Supplied material -
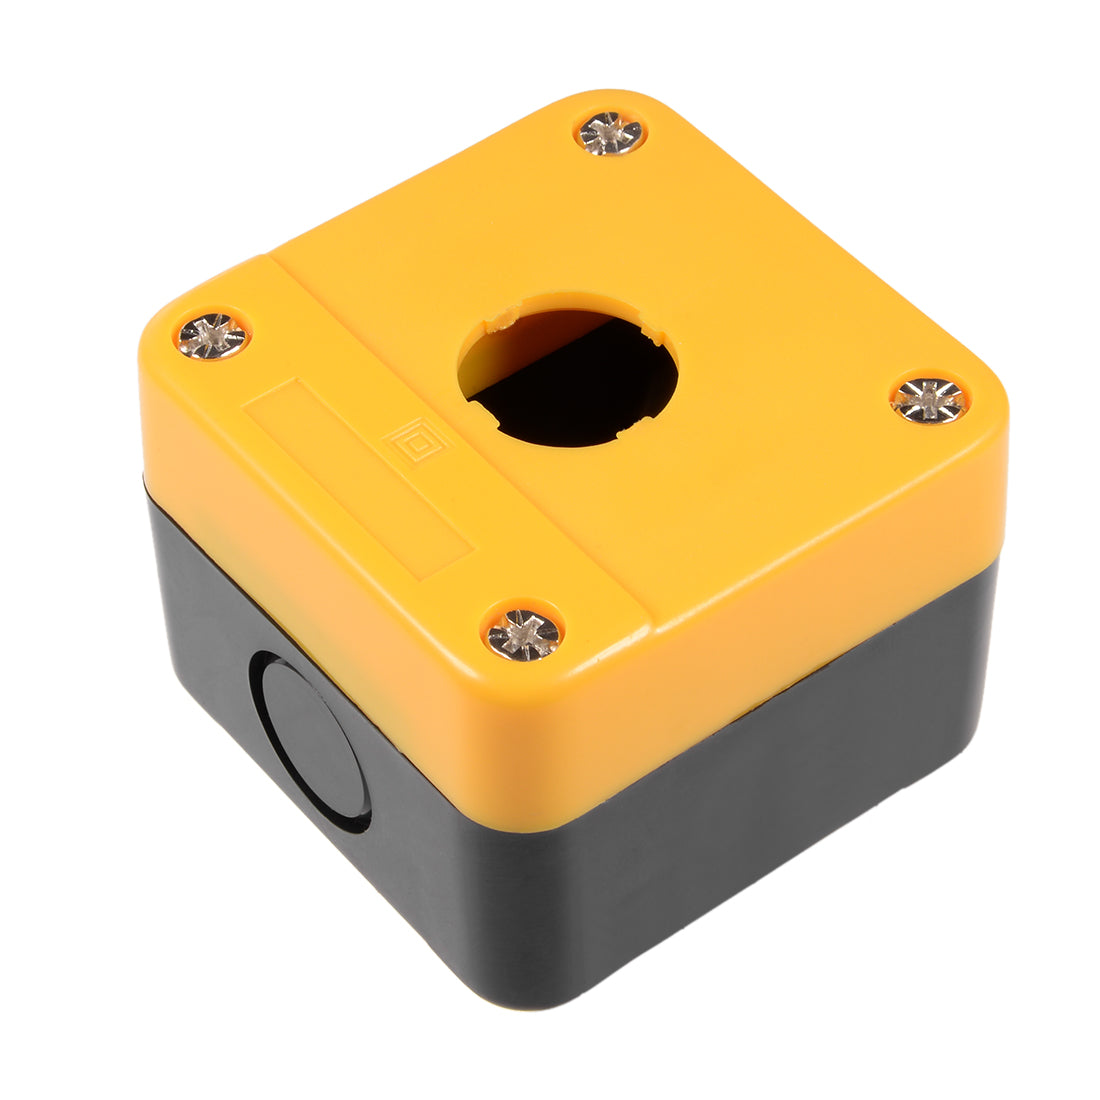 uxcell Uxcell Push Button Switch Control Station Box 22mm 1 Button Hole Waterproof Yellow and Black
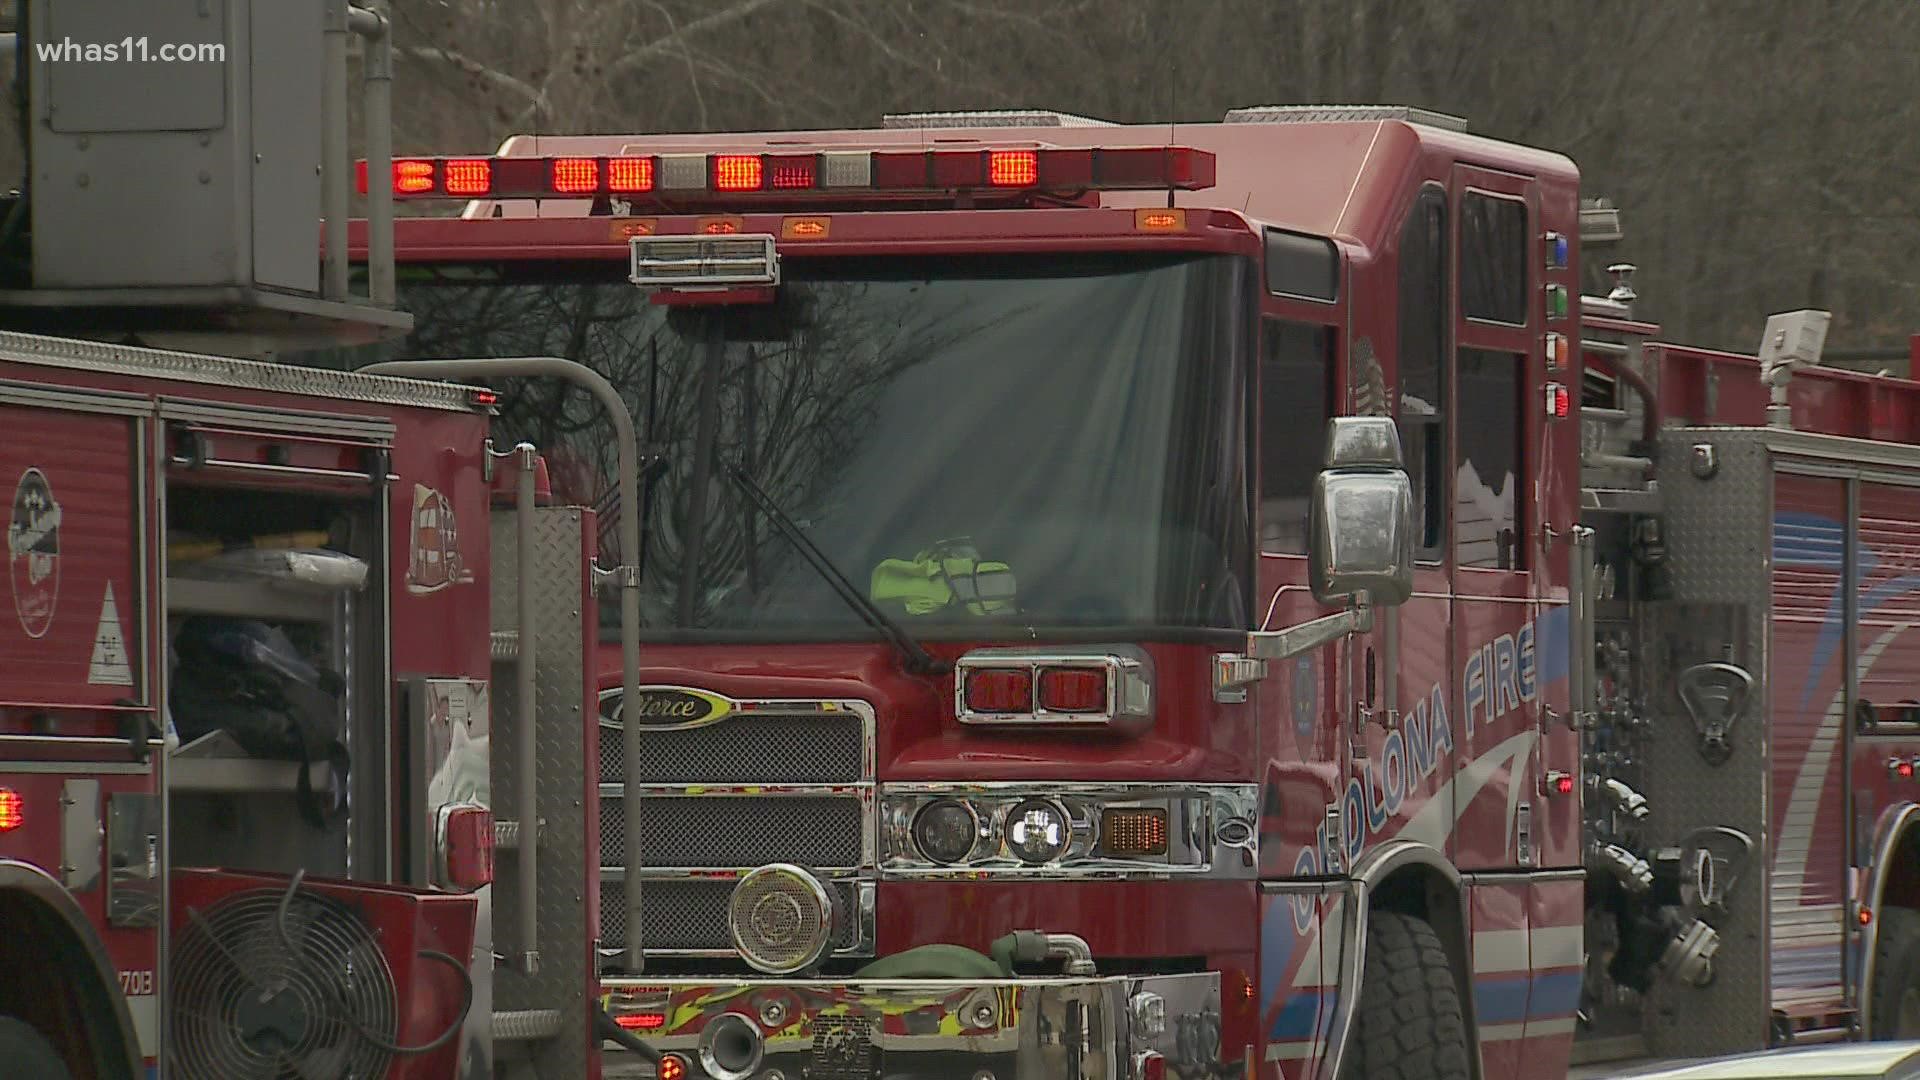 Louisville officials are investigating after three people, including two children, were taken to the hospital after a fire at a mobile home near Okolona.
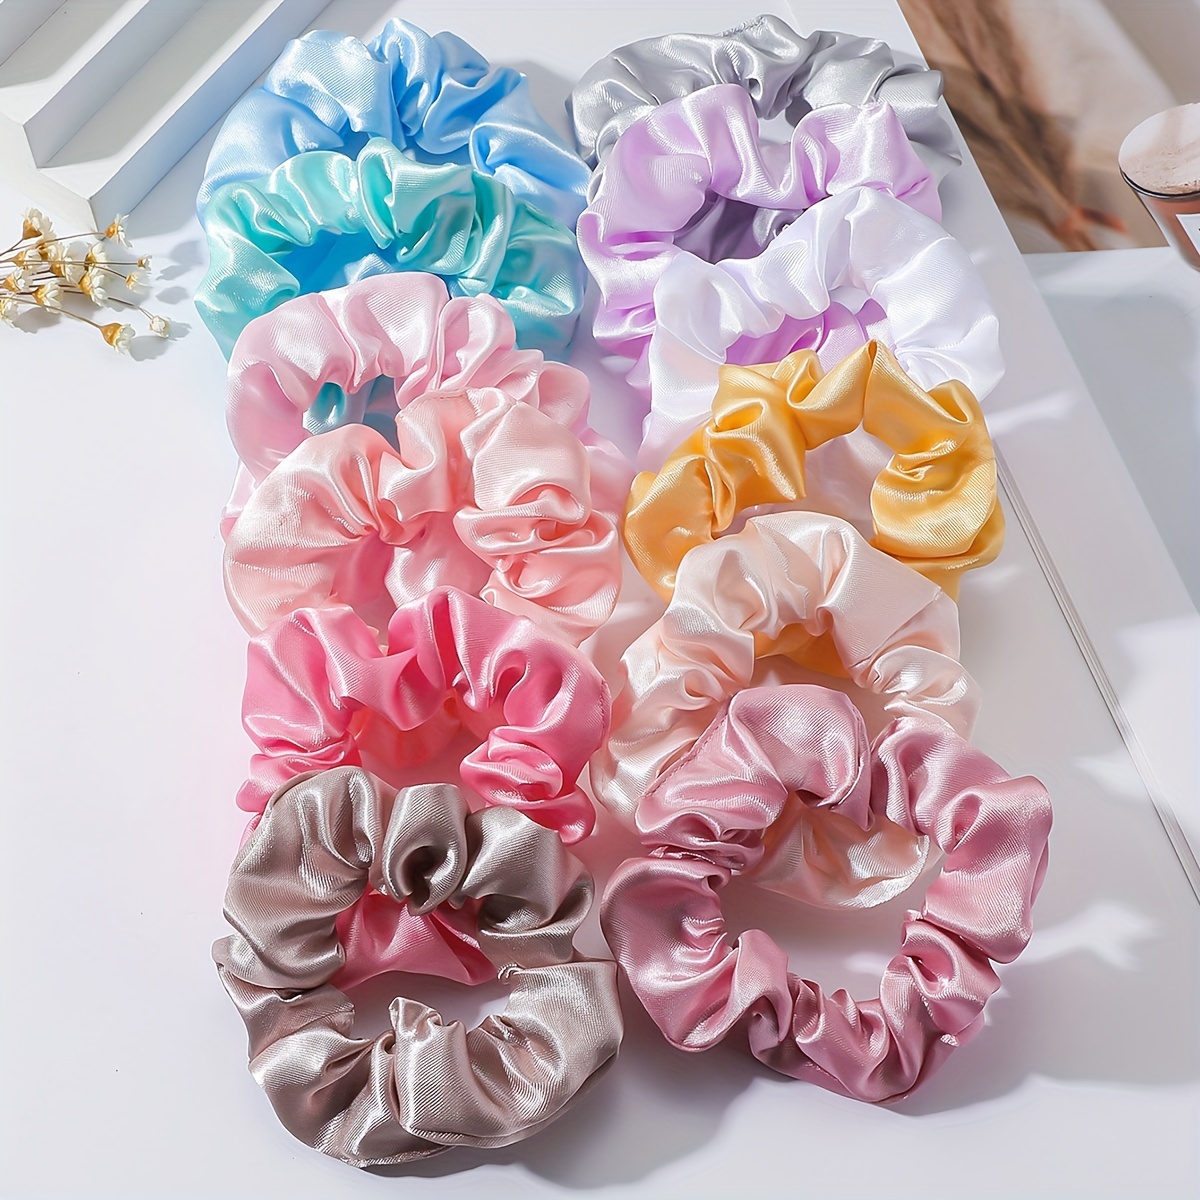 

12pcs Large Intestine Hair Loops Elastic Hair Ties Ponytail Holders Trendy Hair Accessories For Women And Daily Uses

Work order - Your copy should match the listing exactly, apart from the pictures it leaves out.

Answer box -
 uxcell Uxcell Push Button Switch Control Station Box 22mm 1 Button Hole Waterproof Yellow and Black
 Louisville officials are investigating after three people, including two children, were taken to the hospital after a fire at a mobile home near Okolona.

12pcs Large Intestine Hair Loops Elastic Hair Ties Ponytail Holders Trendy Hair Accessories For Women And Daily Uses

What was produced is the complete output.